Interview with Haydn Gwynne from The Windsors
How would you describe The Windsors to someone who’s never seen it?
I would call it sublimely daft, I suppose. It’s spoofing not so much the royal family as media portrayals of the royal family. It’s spoofing a particular brand of American TV soap opera. And there are also lots of references to famous films and so on – there was Rebecca in the first series, and you get a bit of The Man in the Iron Mask. But it’s a particularly British sort of comedy.
You play Camilla. How is she portrayed in the series?
Someone asked me if it is a caricature of Camilla, and I’d say no, it’s absolutely not. That would be more like Tracy Ullman’s very funny version of her in her sketch show. That might be more of a caricature, in that it’s a horsey, jolly woman who loves the countryside. My model for Camilla, once I’d read the first scripts and seen the costumes, became much more as if she were played by Joan Collins in a soap opera called Balmoral. She is the sort of arch-villainess of the American soap opera. That’s the model for me, in a way, which is fruitful and rather fun. You can indulge your arch-villainess. Camilla de Ville, if you like.
Did you do anything in the way of research into the way she dresses or walks or moves, or is that totally pointless, because you’re not trying to recreate her?

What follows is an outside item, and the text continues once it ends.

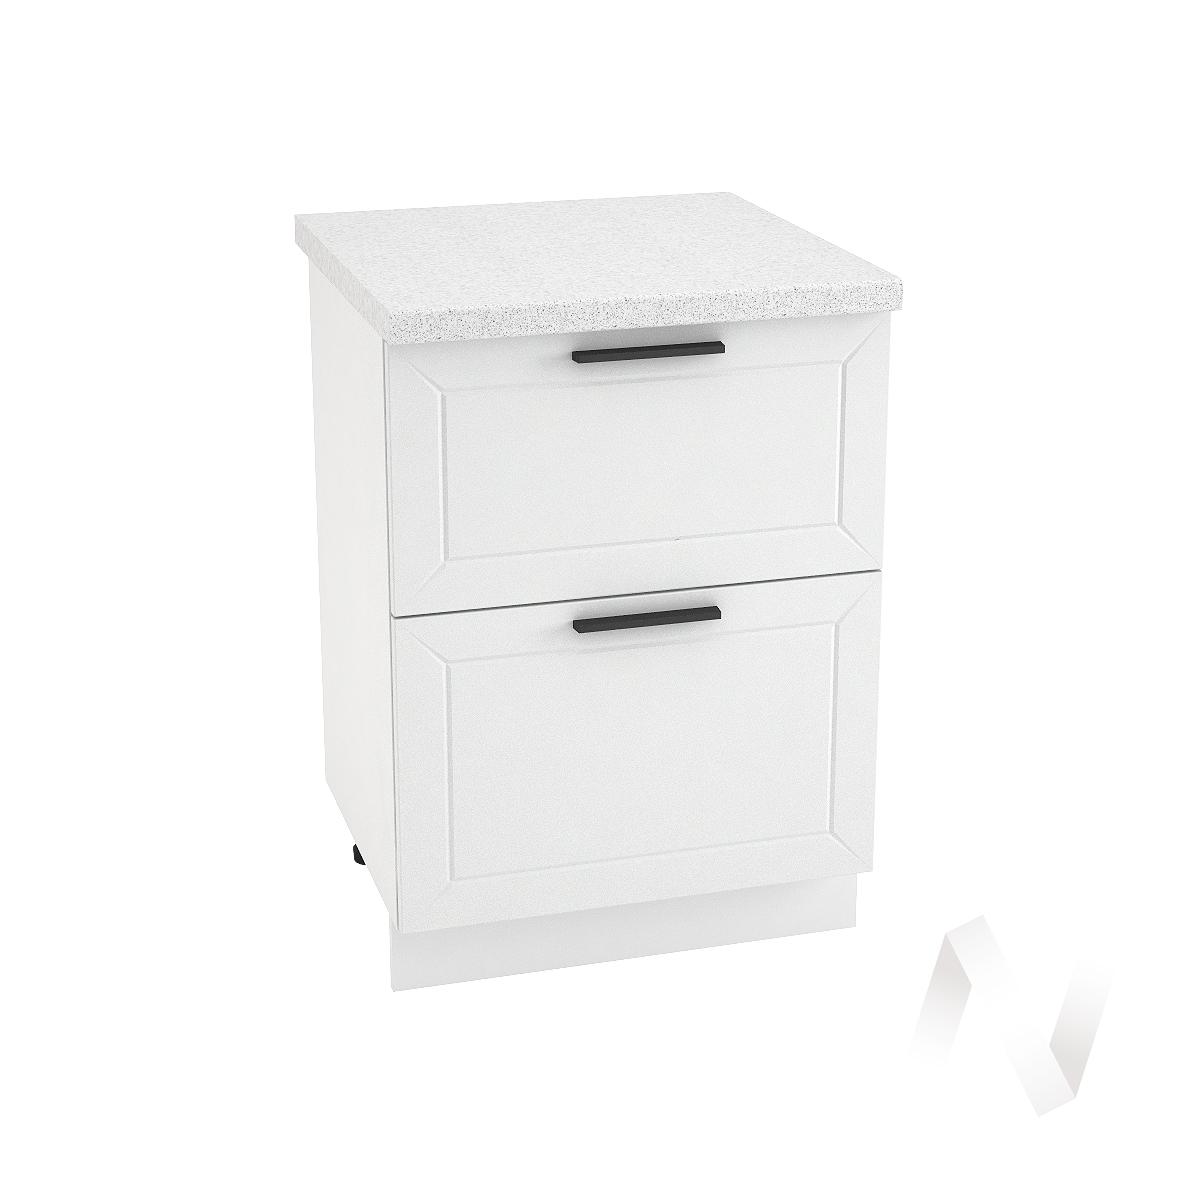 "Кухня ""Глетчер"": Шкаф нижний с 2-мя ящиками 600, ШН2Я 600 (Айленд Силк/корпус белый)"

Actually, in as much as I could, I did study her, at least initially, to see what, if anything, would be useful, and then I found that it was mostly not useful. People don’t know what Camilla sounds like, if you think about it. I did manage to find some speeches at charity events and things, but it wasn’t really useful to me. As regards the look – her main signifier is her hair, so what you do go for is the exaggerated soap opera version of the Camilla blonde flick. It’s quite interesting, researching her, because she is actually very stylish. She dresses extremely well, but we’re going for a whole other thing. We go for a red and black palette, which are not her colours at all, because that suits our American soap opera version of her. Our costume designer, who is completely brilliant, June Nevin, is very witty with what she does. So for some of the characters she’ll be looking for exaggerated versions of things. Here she might come back to the real Camilla as we have a section in this series that goes to Balmoral and the Highland Games, so then we’ll go back to looking at pictures and seeing Camilla in outfits where there’s a tartan combo, with feathers in the hat. So we’ve got that, and gone for a ridiculous, exaggerated version.
Almost all of your scenes are with Harry Enfield. How do you enjoy working with him?
I love working with Harry. Apart from anything else, he’s a really sweet, gentle man. It’s a really lovely cast, we really enjoy each other. Working with Harry, when we’re rehearsing, I never know what he’s going to come up with. We do just laugh a lot. Actually, we didn’t have a lot to do together in the Christmas Special, my storyline took me off in a different direction – so when we were having meetings about what was going to happen in the second series, I did actually check that I’d have a lot to do with Harry.
Do you ever worry about offending royalists? Have you been berated by any?
“No”, that hasn’t happened. I suppose it’s possible that people might take offence on behalf of the royals, but I think you could be an ardent royalist and still enjoy this show. It is mostly quite affectionate, and indeed some of the characters are rather heroic, like Wills and Kate. As for the royals themselves, do some of the younger ones watch? I don’t know. There is stuff is going on all the time about the royals, there are movies like The Queen, there’s The Crown, King Charles III, going back a bit there was Spitting Image. How do you deal with that as a royal? I imagine, with a lot of it, you just ignore it.
Do you have any favourite scenes or storylines from The Windsors?
Yes. I absolutely loved the whole abolition of the monarchy thread, not only because it lead to a leaders-style debate, and a cat fight – I love a good cat fight – between The Windsors’ Camilla and Kate, but also the fantasy of the Royal Hunger Games as a way of getting rid of the minor royals. That absolutely killed me.
Is the show as much fun to film as it looks?
It is totally as much fun as it looks. The only thing that isn’t fun is that our schedule is insanely tight, and so when we are having too much fun, our poor director Adam Miller has to start reining us in. It is hard not to laugh, and not to corpse a lot of the time. We do try and get most of it out of our systems during rehearsal. It’s lovely rehearsing scenes with the crew all chuckling away, because they’re seeing it for the first time. Before it went out, we were laughing, but we didn’t know if anybody else would, but now we know that there is an audience that really enjoys it. I have been in shows, not TV, where you’re having a fantastic time and the audience don’t quite agree. So what did surprise me was that I met so many people, who like the show, I was expecting to meet more people who didn’t like it. I thought it would be more fifty-fifty. I have a couple of members of my family who just don’t get it, but then I have other relatives for whom it justifies my whole career. They completely adore it. It’s probably the first TV I’ve sat down and watched with my teenage sons for a very, very long time.